» Your objective
Please reproduce the full set of data below exactly.

» Supplied information
_ _ _ _

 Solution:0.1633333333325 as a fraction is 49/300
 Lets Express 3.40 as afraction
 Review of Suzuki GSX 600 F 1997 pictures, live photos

_ _ _ _

» Output of the task
 Solution:0.1633333333325 as a fraction is 49/300
 Lets Express 3.40 as afraction
 Review of Suzuki GSX 600 F 1997 pictures, live photos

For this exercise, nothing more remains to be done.